I know the Sun is orbiting around the Milky Way, but how strong is the attractive force between them (e.g. what is the order of magnitude in terms of newtons)?


1 Answer 1


Galactic orbits are not Keplerian: There is not a single massive centre, whose gravity attracts the sun, rather the whole disc, and dark matter halo which surrounds the galaxy. We can't use the inverse square law to calculate the force of gravity without knowing the distribution of mass in the galaxy.

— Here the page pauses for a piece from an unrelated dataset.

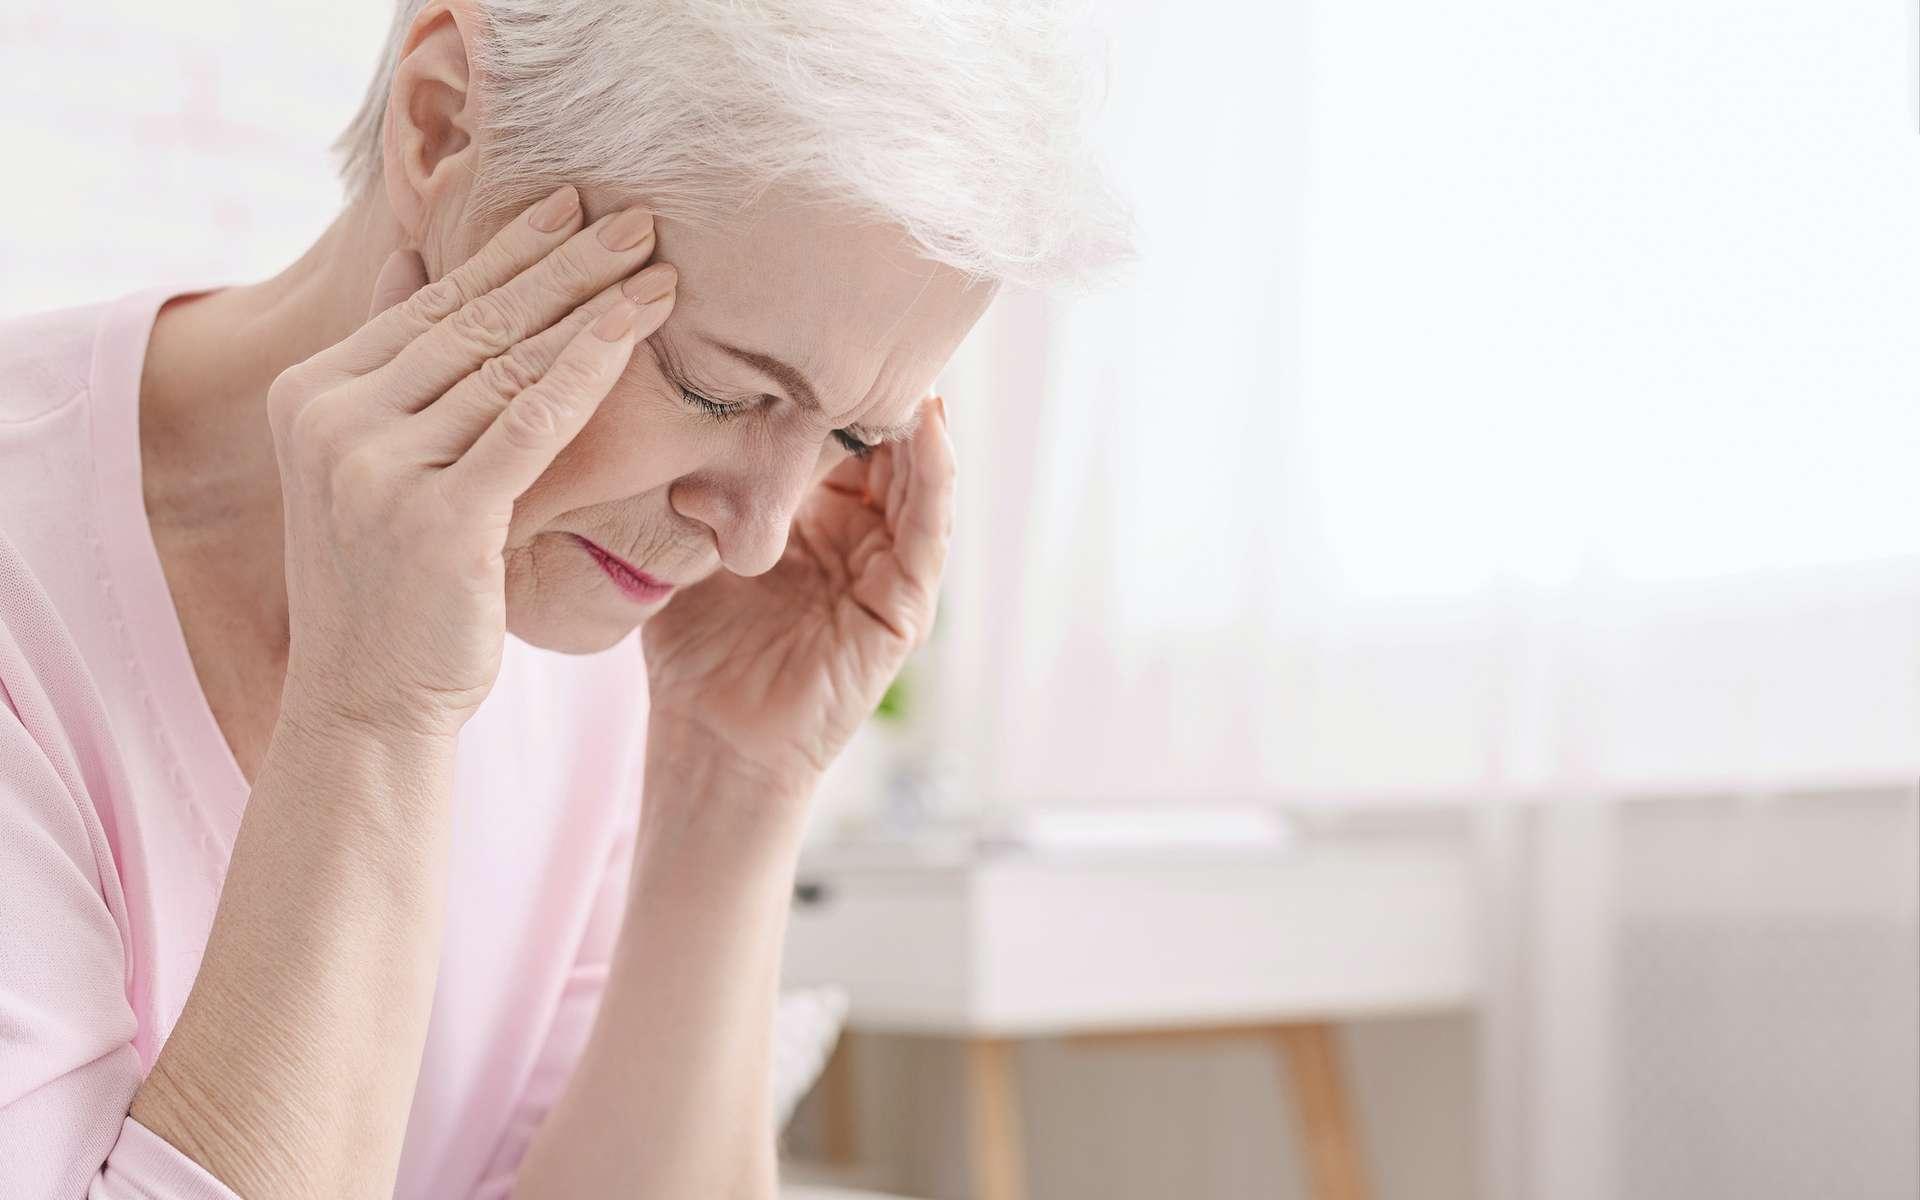 La maladie de Horton se traduit fréquemment par des maux de tête intenses et irradiants. © Prostock-studio, Adobe Stock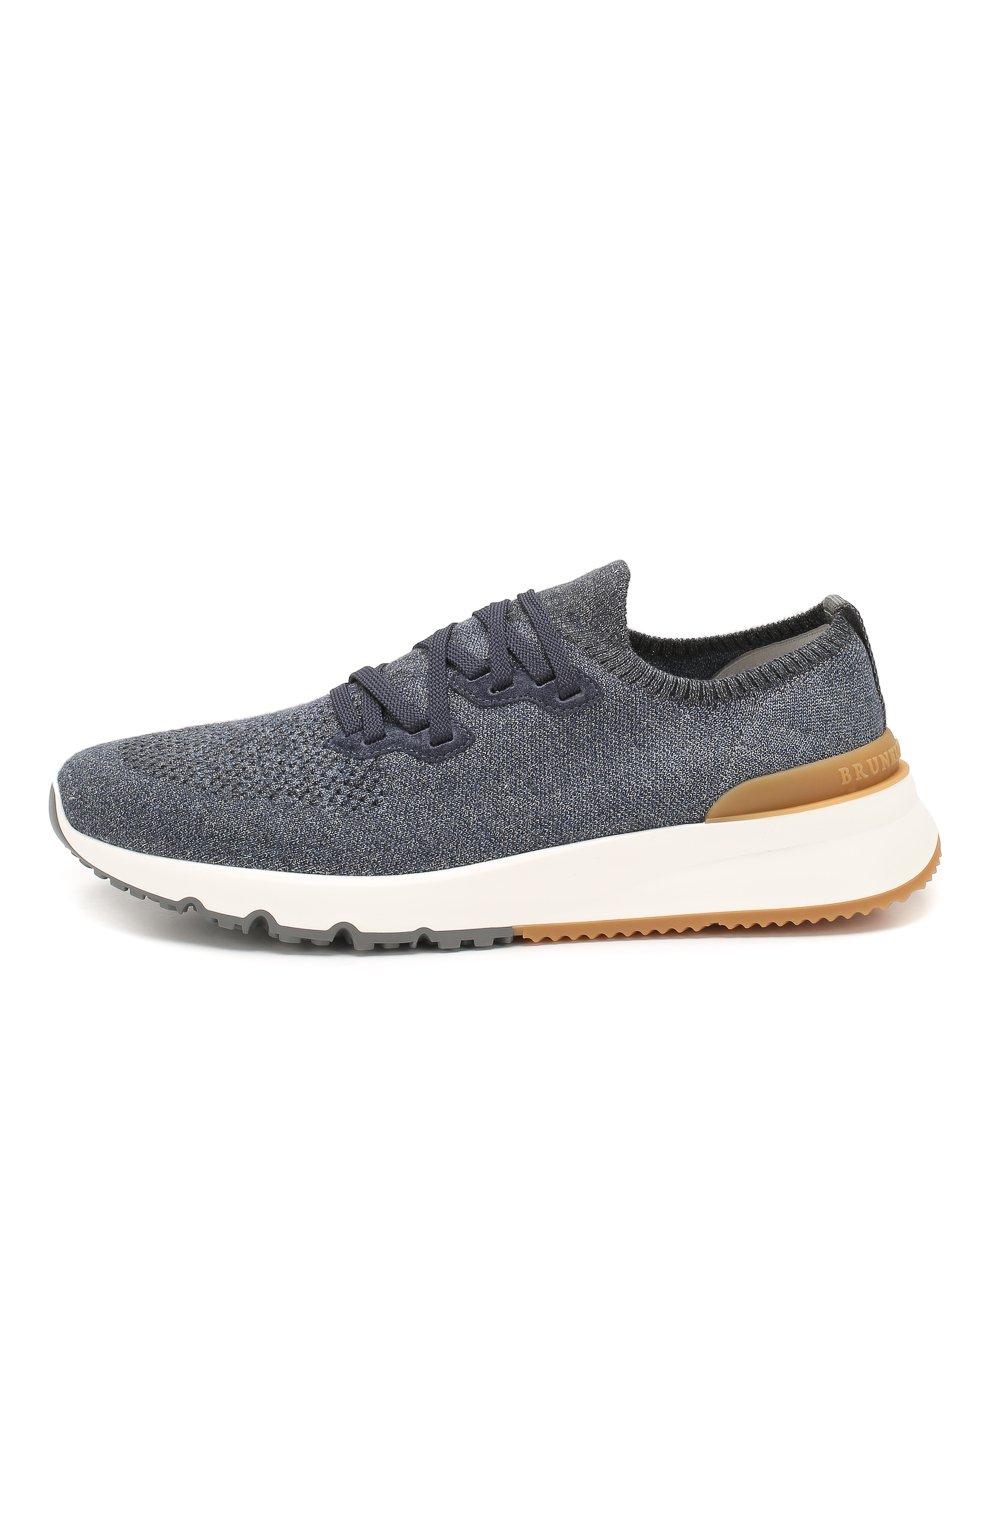 Мужские текстильные кроссовки BRUNELLO CUCINELLI синего цвета, арт. MZUKIS0250 | Фото 3

Nevertheless, the Sun's orbit is roughly circular, so we can use kinematics to get some idea of the forces involved: For circular motion $a=\frac{v^2}{r}$. The velocity of the sun is about 225000 m/s, and we are at a radius of about 2.5e20 m from the centre. The formula above gives a very small centripetal acceleration of 2e-10 m/s²

However the sun is quite massive, 2e30 kg, so using $F=ma$, the force on the sun is of the order 4e20 N. This is about 0.01 of the force acting on the Earth by the Sun. (3.6e22 N)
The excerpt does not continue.